Certamente le abitudini di vita e le scelte alimentari hanno grande influenza e possono produrre gravi ripercussioni sull’ambiente: scegliere prodotti locali a “filiera corta”, meglio se biologici o a lotta integrata, contribuisce anche a rispettare l’ambiente. I prodotti a lotta integrata e quelli definiti comunemente “biologici” sono ottenuti con tecniche più vicine a quelle tradizionali o almeno più rispettose dell’ambiente e del benessere animale, dove viene escluso o limitato a pochi casi l’utilizzo di sostanze chimiche di sintesi, tipo fitofarmaci e antiparassitari, o di additivi come conservanti, coloranti, esaltatori di sapidità e simili… Sia a livello europeo che nazionale nel mondo agricolo e produttivo si dà sempre più importanza alla verifica e al controllo della filiera alimentare: infatti , per una maggiore sicurezza e qualità, non si considera più solo il prodotto alimentare pronto per il consumo, ma l’intero processo alimentare
Un’agricoltura si può definire “sostenibile” quando fa parte di un sistema produttivo che migliora la qualità dell’ambiente e le risorse naturali dalle quali dipende, conserva e migliora le caratteristiche del suolo rispettando la biodiversità. Al tempo stesso deve fornire anche alimenti nella giusta quantità, essere economicamente valida e migliorare la qualità di vita degli agricoltori stessi. Per un’agricoltura sostenibile devono essere quindi utilizzate tecniche agricole rispettose dell’ambiente, valorizzando anche le tradizioni di quel territorio. Sia la legislazione italiana che quella europea hanno introdotto delle norme specifiche per tutelare e valorizzare le produzioni agroalimentari tipiche di determinati territori e derivate da tecniche di lavorazione legate alla tradizione e alla storia stessa del prodotto.

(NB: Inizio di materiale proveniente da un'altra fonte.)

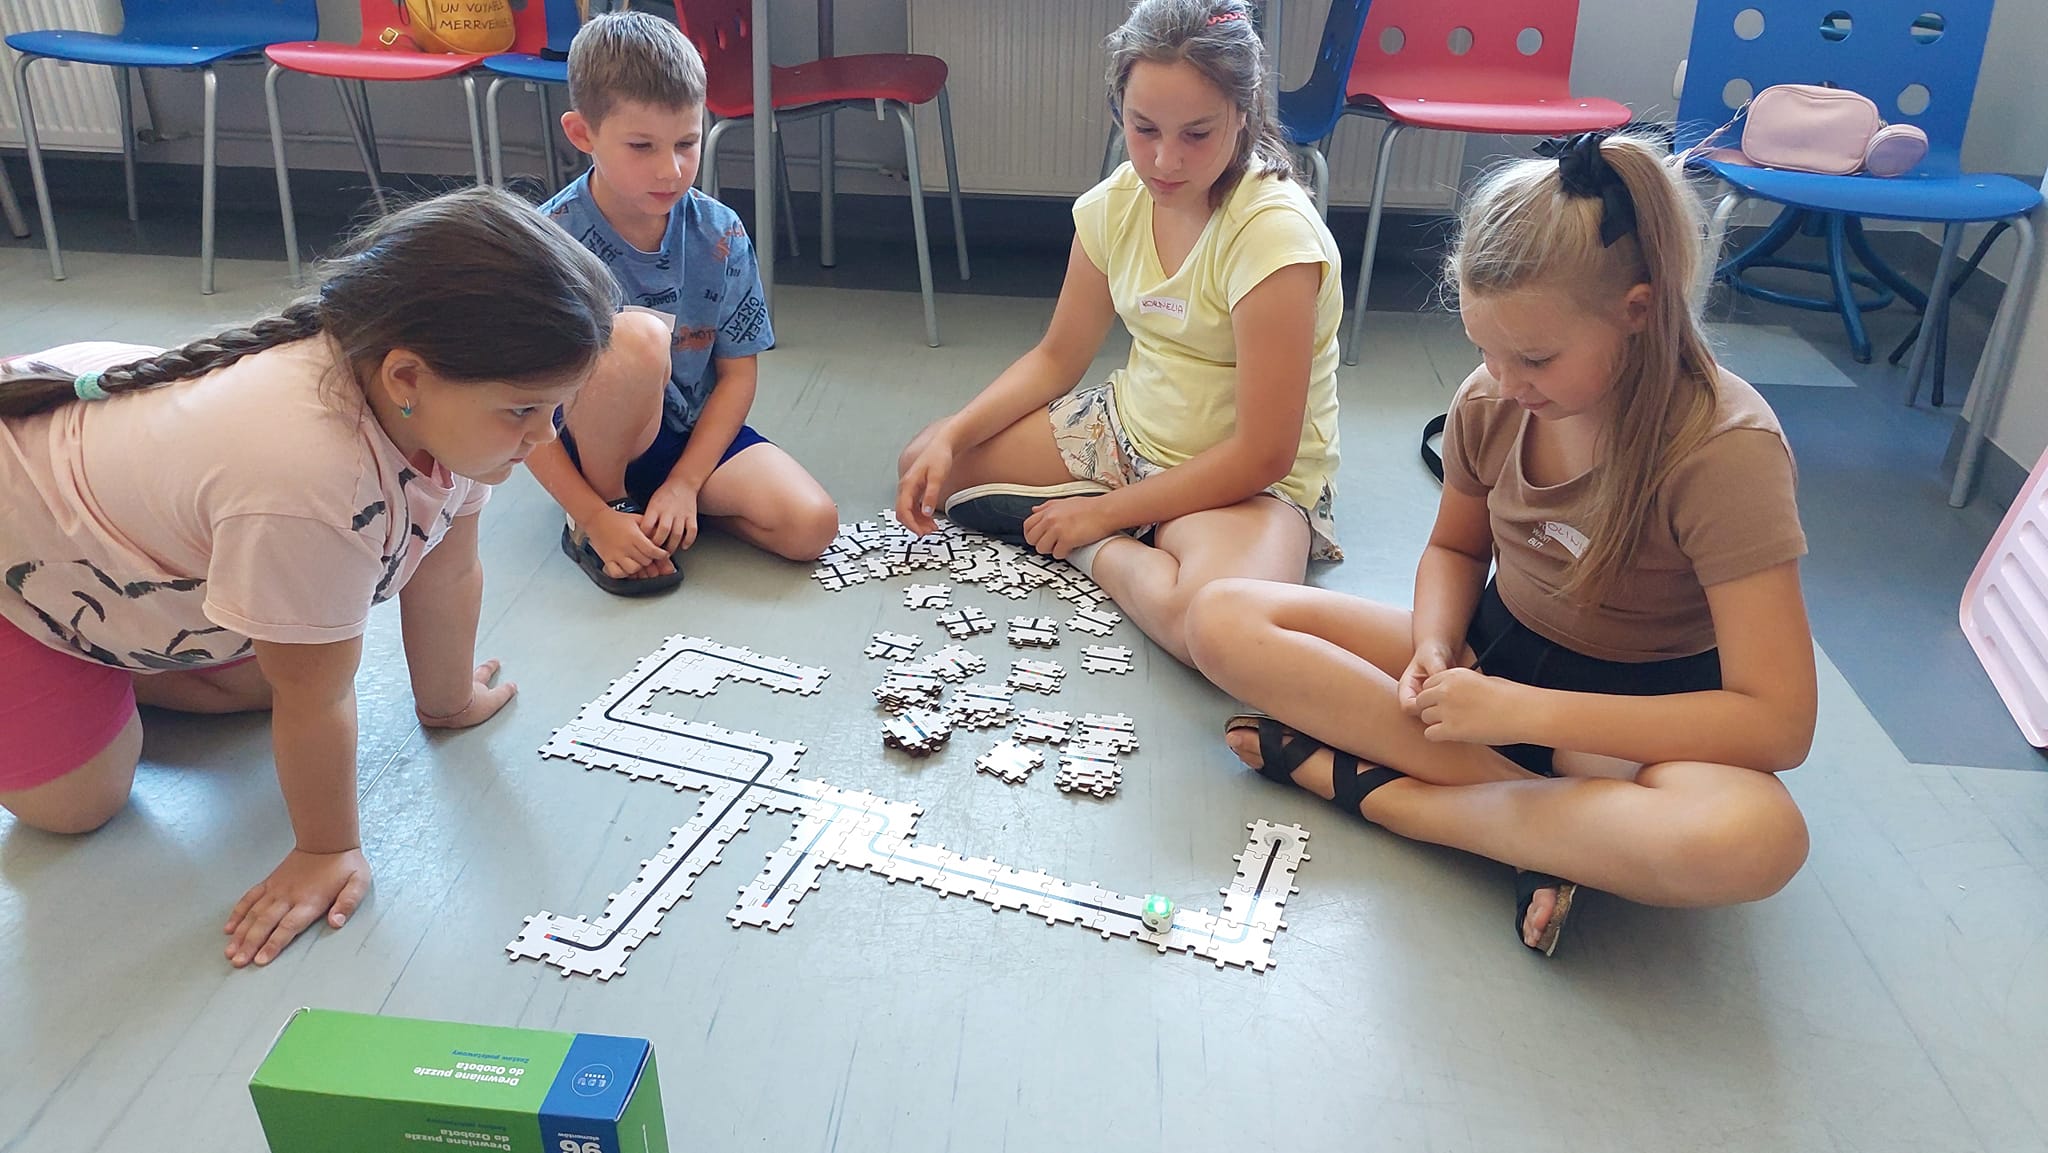 Biblioteka, czytelnia dla dorosłych. Dzieci siedzi na podłodze w grupach i rozbudowują tor w kształcie puzzli, po którym przemieszcza się mały robot.

Questi prodotti vengono riconosciuti grazie alla presenza di un marchio di tipicità (IGP o DOP) che garantisce quelle particolari caratteristiche, sia produttive, sia merceologiche che organolettiche. Sono l'espressione di un territorio, inteso come storia, cultura e tradizione e possiedono caratteristiche chiaramente differenziate rispetto ad altri della stessa categoria merceologica.

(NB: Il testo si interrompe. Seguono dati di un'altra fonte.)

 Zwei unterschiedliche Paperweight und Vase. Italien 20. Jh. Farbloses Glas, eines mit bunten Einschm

Un termine molto usato in questo settore è “qualità alimentare” che assume un significato preciso anche sulla base di norme legislative europee: si valuta la qualità di un prodotto quando si è in grado di conoscere e verificare non solo la qualità dell’alimento, ma anche quella dell’intero processo produttivo, dalla coltivazione della pianta fino alla produzione, trasformazione, conservazione, distribuzione, commercializzazione e consumo. Viene presa in considerazione così tutta la filiera alimentare, cioè il percorso che un prodotto agroalimentare fa “dal campo alla tavola”: è la cosiddetta “tracciabilità”. Grazie a questo nuovo approccio diventa possibile , sulla base di una documentazione precisa e di procedure definite, ripercorrere il processo produttivo anche a ritroso. È il sistema della “rintracciabilità”, reso obbligatorio in tutta l’Unione Europea, che permette di ricostruire il percorso di un alimento, a garanzia di maggiore sicurezza per il consumatore. Nella produzione di frutta e verdura le fasi di lavorazione sono semplici, essendo prodotti di prima trasformazione: dopo la semina e le operazioni colturali avviene la raccolta, seguita eventualmente dalla maturazione che, per motivi commerciali. può essere anticipata o ritardata. Viene poi fatta una selezione in base alla categoria commerciale prima della vendita. Oggi però sono sempre più diffusi prodotti ortofrutticoli che hanno subito altri processi di trasformazione: sono i prodotti di quarta e quinta gamma. I vegetali di quarta gamma, dopo essere stati, puliti, lavati e tagliati, vengono confezionati e sigillati in sacchetti o vaschette in plastica per essere consumati in brevissimo tempo, mentre quelli di quinta gamma sono parzialmente cotti e quasi pronti per il consumo.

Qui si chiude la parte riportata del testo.